Kyle Richie and Andrew Feindel specialize in serving incorporated clients, both the holders of professional corporations and business owners who have a different kind of corporate status. The Wealth Advisors at Richie Feindel Wealth Management of Richardson Wealth explained that upon death, there is a serious risk of the assets left in a corporation being subject to double taxation. As laid out by Tim Cestnik, these clients’ assets in the corporation can be taxed on their gains after death and the corporation’s growth in value can be taxed as well. Effectively, the same growth can be taxed twice. Richie and Feindel explained how advisors with incorporated clients can protect against these risks when building estate plans for professional corporations.

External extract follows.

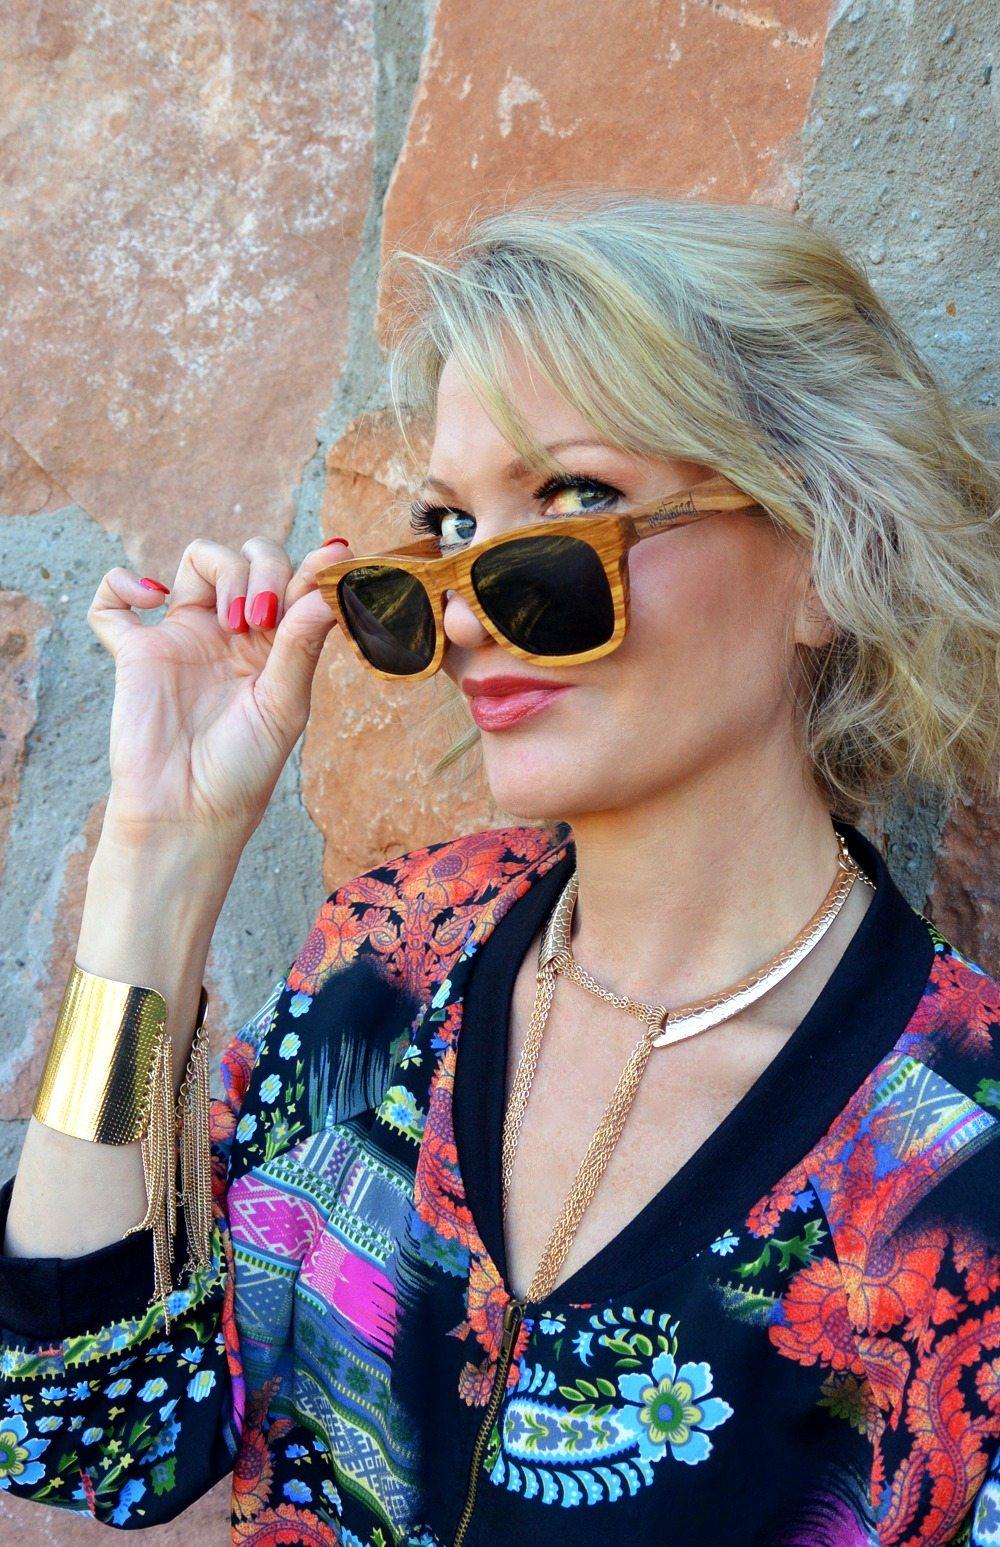 6f092abd8fe Westwood Sunglasses7 Westwood Sunglasses4 Westwood Sunglasses 6 …

“Once we’ve identified where clients’ cash flows are coming from and their long-term lifestyle costs, at very conservative rates of returns, we see that for the vast majority of our clients there’s still a significant amount of wealth that will be in their corporation that will not be taken out for living,” Richie says. “That’s when we start talking about what will happen to those assets they don’t expect to spend.”
Those “bottom assets,” Richie and Feindel explain, are at risk of the double taxation that Cestnik highlights. Upon the death of the corporation holder, or the death of their surviving spouse, the CRA effectively looks at those bottom assets and treats them as though they were written as a full dividend for the value of the corporation. That dividend alone could be subject to a marginal tax rate as high as 47 per cent, with exposure to the gains taxation in the mix as well. While there are some straightforward mitigating strategies, they cannot effectively offset the scale of the taxation that an incorporated professional’s bottom assets might be subject to upon death.
Some of the trouble with bottom assets is that we cannot predict when we will pass away, so Feindel and Richie note the importance of estimating those assets conservatively. Nevertheless, for the assets that are at an extremely low risk of ever being needed, they say that permanent insurance solutions can help facilitate a more tax efficient transfer to the next generation. They’ll explain to clients that over the course of the next decade, for example, they will shift those assets in the form of premiums into a permanent, joint last to die life insurance policy that will pay out to a client’s heirs at a significantly lower tax rate.
Through that process, though, Richie emphasizes that the goal is not about tax minimization. That is rather the means to achieving the maximization of after-tax assets. He argues that this distinction is a crucial one for advisors to keep in mind as they work to build estate plans for their incorporated clients.
Building those estate plans takes a huge amount of work on Richie and Feindel’s parts. They incorporate planning into each client meeting and outline how these strategies can function in the context of a wider investment plan. This steady stream of planning and estate advice means that the hard conversations around death and taxes involved in this process become easier for clients to handle. The two advisors will have estate planning conversations with almost every client, regardless of age. Once there are assets to be protected, they believe that this is a topic that should be brought up.
“I don’t think we have a single client who we haven’t brought this up with,” Feindel says. “I’m not saying that every client has insurance, most do, but we believe it’s a mistake not to bring this subject up. I have clients whose former advisors didn’t even address this when they had money inside the corporation. The fact that this wasn’t addressed and these clients will die with money in their corporations is a mistake on the part of their former advisors.”